2023-01-03 09:47:44 destination > Storage bucket / has been cleaned-up (0 objects matching /db4-chandos/daysofweek/[0-9]{4}_[0-9]{2}_[0-9]{2}_[0-9]+_.* were deleted)...
2023-01-03 09:47:45 destination > Storage bucket / has been cleaned-up (0 objects matching /db4-chandos/daysofweek/[0-9]{4}_[0-9]{2}_[0-9]{2}_[0-9]+_.* were deleted)...
2023-01-03 09:47:47 destination > Storage bucket / has been cleaned-up (0 objects matching /db4-chandos/daysofweek/[0-9]{4}_[0-9]{2}_[0-9]{2}_[0-9]+_.* were deleted)...
2023-01-03 09:47:48 destination > Storage bucket / has been cleaned-up (0 objects matching /db4-chandos/daysofweek/[0-9]{4}_[0-9]{2}_[0-9]{2}_[0-9]+_.* were deleted)...
2023-01-03 09:47:50 destination > Storage bucket / has been cleaned-up (0 objects matching /db4-chandos/daysofweek/[0-9]{4}_[0-9]{2}_[0-9]{2}_[0-9]+_.* were deleted)...
2023-01-03 09:47:52 destination > Storage bucket / has been cleaned-up (0 objects matching /db4-chandos/daysofweek/[0-9]{4}_[0-9]{2}_[0-9]{2}_[0-9]+_.* were deleted)...
2023-01-03 09:47:53 destination > Storage bucket / has been cleaned-up (0 objects matching /db4-chandos/daysofweek/[0-9]{4}_[0-9]{2}_[0-9]{2}_[0-9]+_.* were deleted)...
2023-01-03 09:47:55 destination > Storage bucket / has been cleaned-up (0 objects matching /db4-chandos/daysofweek/[0-9]{4}_[0-9]{2}_[0-9]{2}_[0-9]+_.* were deleted)...

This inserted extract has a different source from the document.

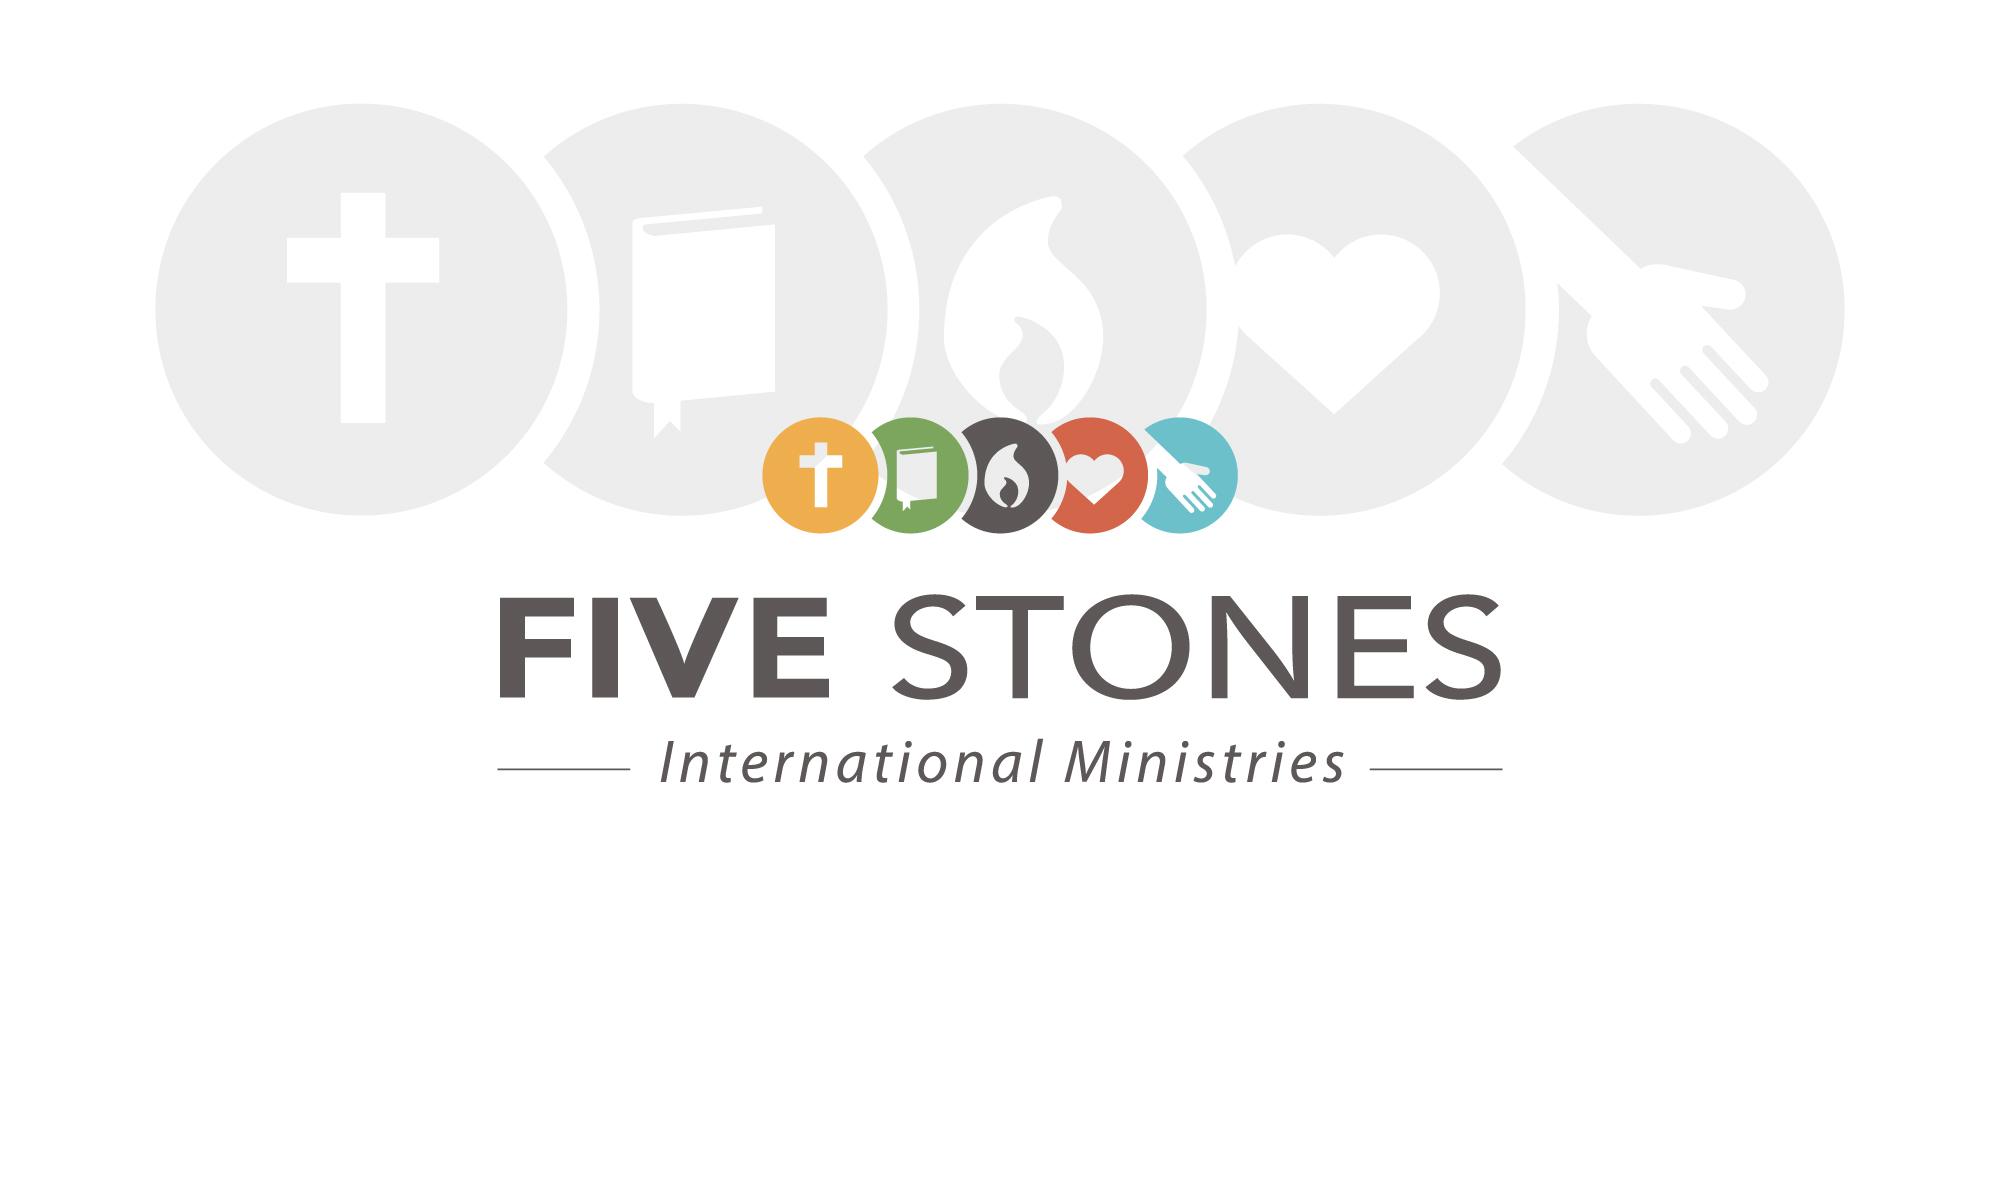 Five Stones International Ministries

2023-01-03 09:47:56 destination > Storage bucket / has been cleaned-up (0 objects matching /db4-chandos/daysofweek/[0-9]{4}_[0-9]{2}_[0-9]{2}_[0-9]+_.* were deleted)...
2023-01-03 09:47:58 destination > Storage bucket / has been cleaned-up (0 objects matching /db4-chandos/daysofweek/[0-9]{4}_[0-9]{2}_[0-9]{2}_[0-9]+_.* were deleted)...

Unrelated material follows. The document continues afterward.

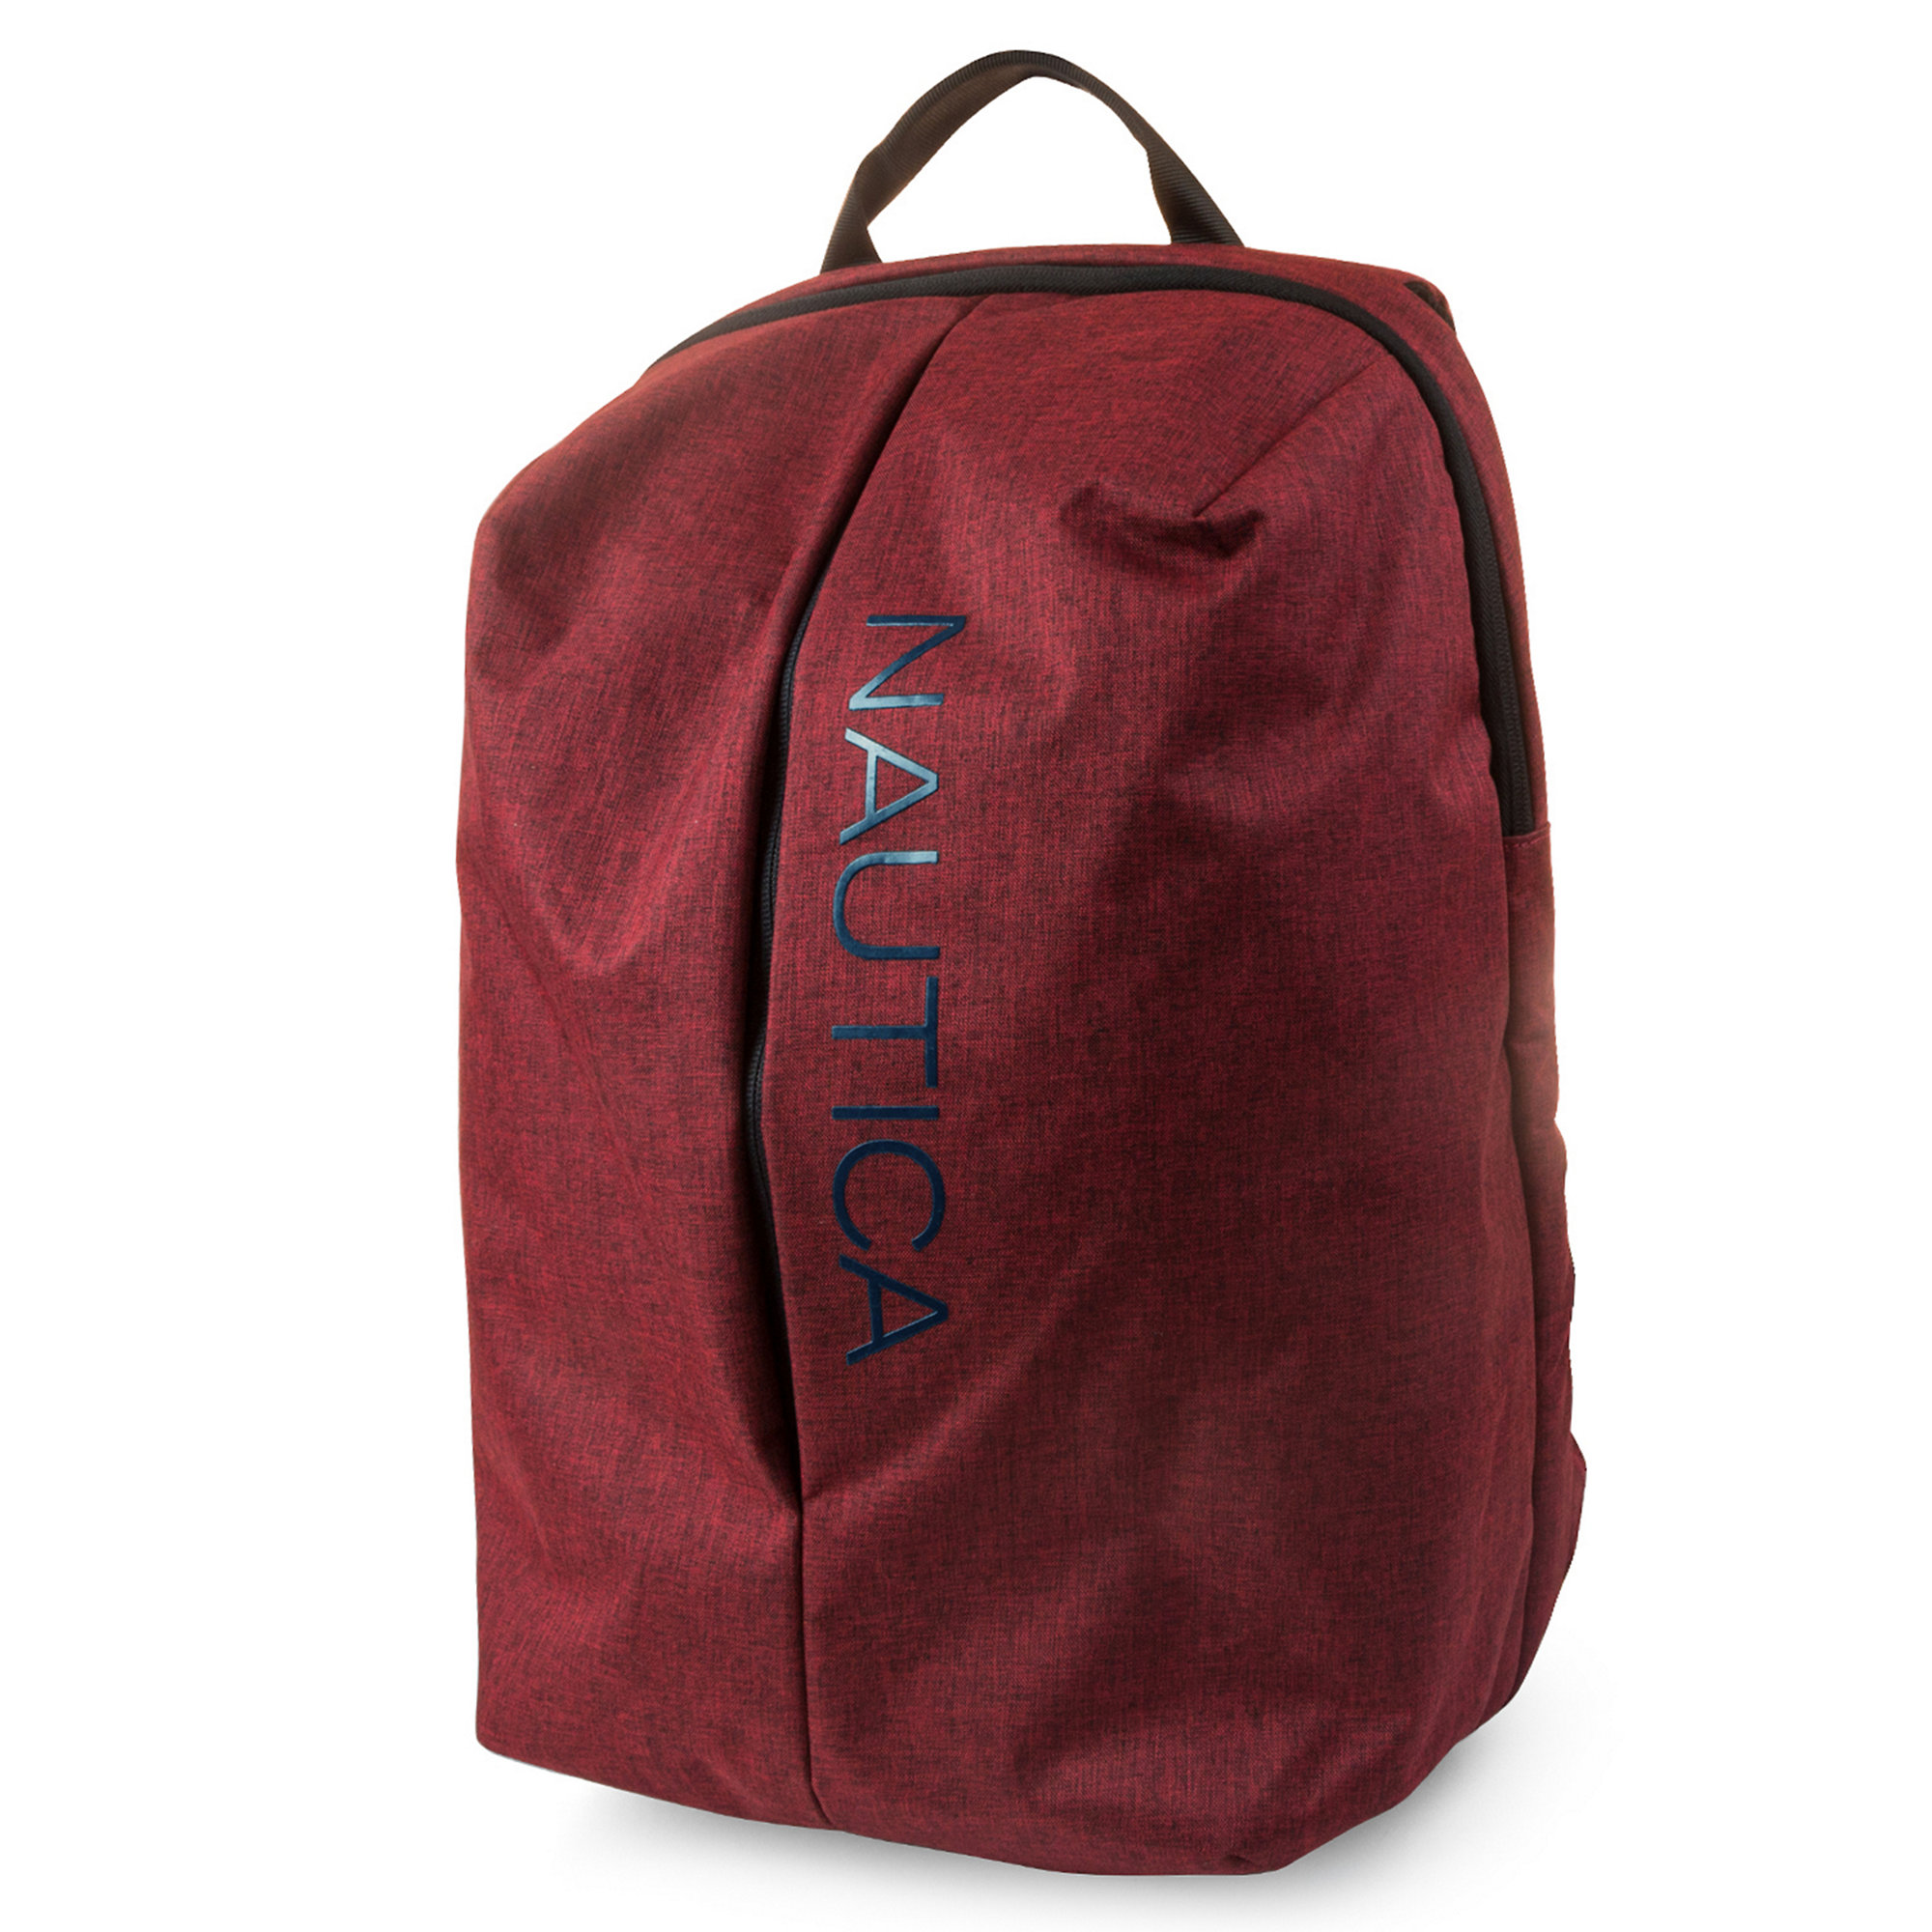 2000x2000 Bags Amp Backpacks

2023-01-03 09:47:59 destination > Storage bucket / has been cleaned-up (0 objects matching /db4-chandos/daysofweek/[0-9]{4}_[0-9]{2}_[0-9]{2}_[0-9]+_.* were deleted)...
2023-01-03 09:48:01 destination > Storage bucket / has been cleaned-up (0 objects matching /db4-chandos/daysofweek/[0-9]{4}_[0-9]{2}_[0-9]{2}_[0-9]+_.* were deleted)...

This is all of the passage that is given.